🤖 AI Summary
Current LLM factuality evaluation is hindered by ambiguous definitions of “atomic facts,” leading to substantial inter-annotator disagreement between human and model annotators. To address this, we propose the first visualization-based analytical framework specifically designed for diagnosing ambiguity in fact decomposition. Our method systematically identifies and supports iterative refinement of three core issues—semantic misalignment, granularity mismatch, and referential dependency—through interactive visualizations. It integrates state-of-the-art NLP-based fact decomposition techniques with interpretable visual design to localize inconsistencies and guide targeted revisions.
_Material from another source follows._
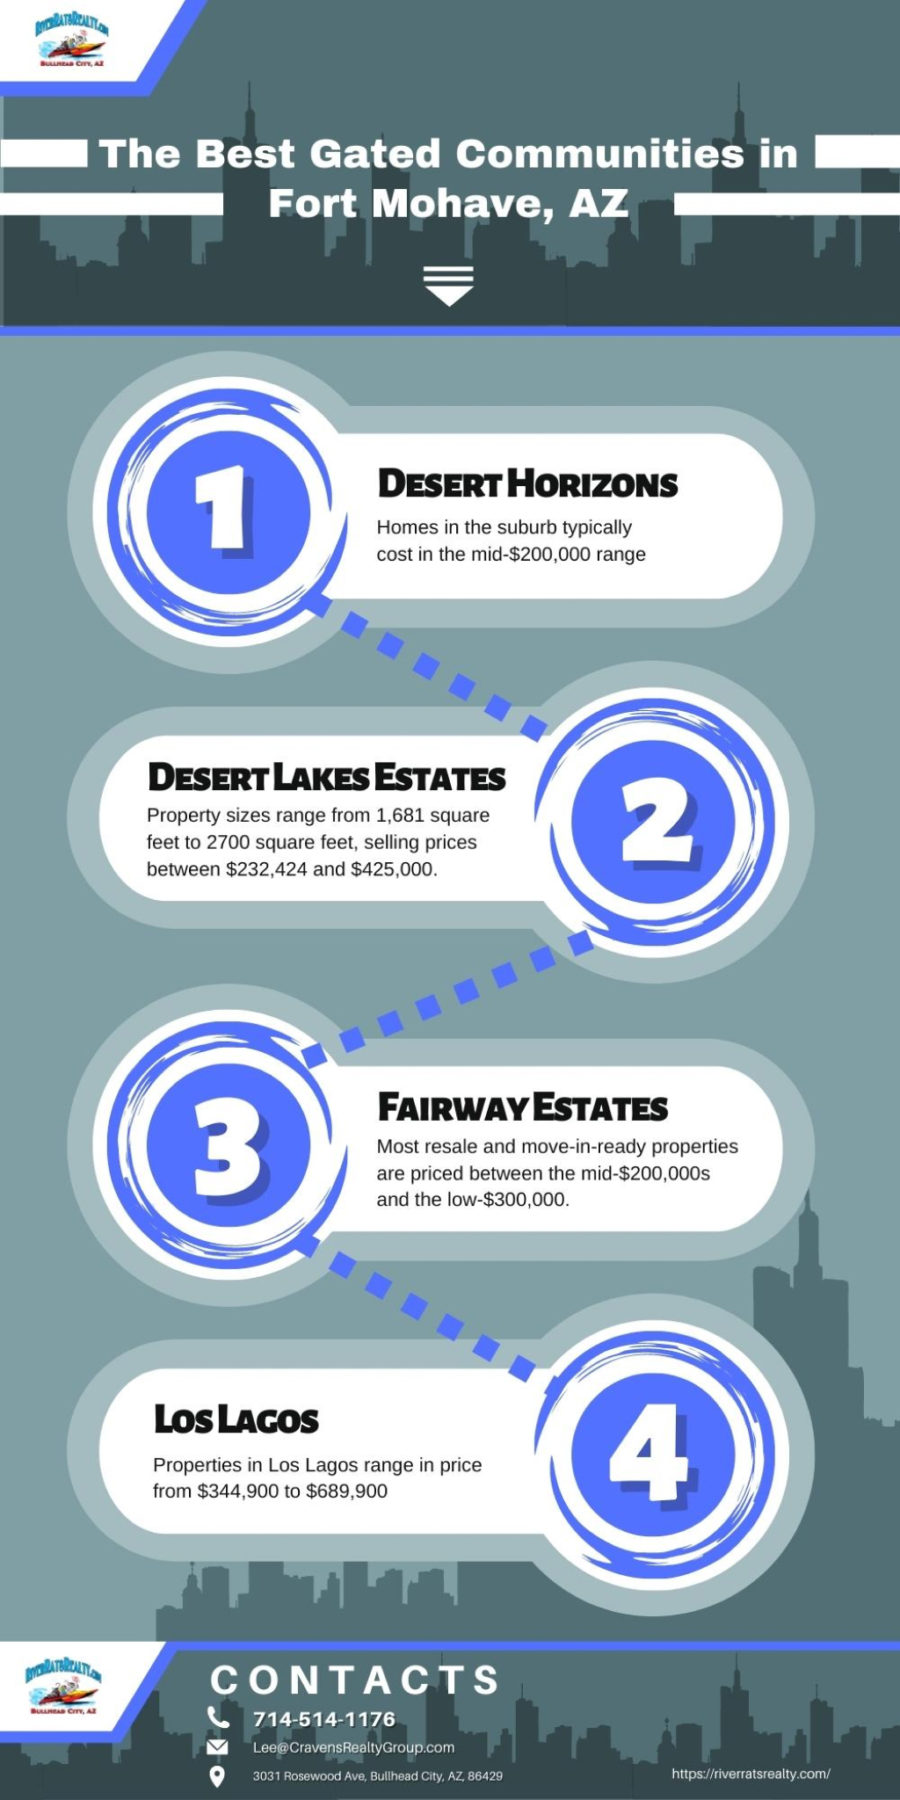 The Best Gated Communities in Fort Mohave, AZ

Experimental results demonstrate that our framework significantly improves inter-annotator agreement (Cohen’s κ increases by 0.32), enhances the stability and reproducibility of factuality assessment, and establishes a collaborative, auditable infrastructure for developing high-fidelity evaluation benchmarks.
📝 Abstract
Factuality evaluation of large language model (LLM) outputs requires decomposing text into discrete "atomic" facts. However, existing definitions of atomicity are underspecified, with empirical results showing high disagreement among annotators, both human and model-based, due to unresolved ambiguity in fact decomposition. We present a visual analytics concept to expose and analyze annotation inconsistencies in fact extraction. By visualizing semantic alignment, granularity and referential dependencies, our approach aims to enable systematic inspection of extracted facts and facilitate convergence through guided revision loops, establishing a more stable foundation for factuality evaluation benchmarks and improving LLM evaluation.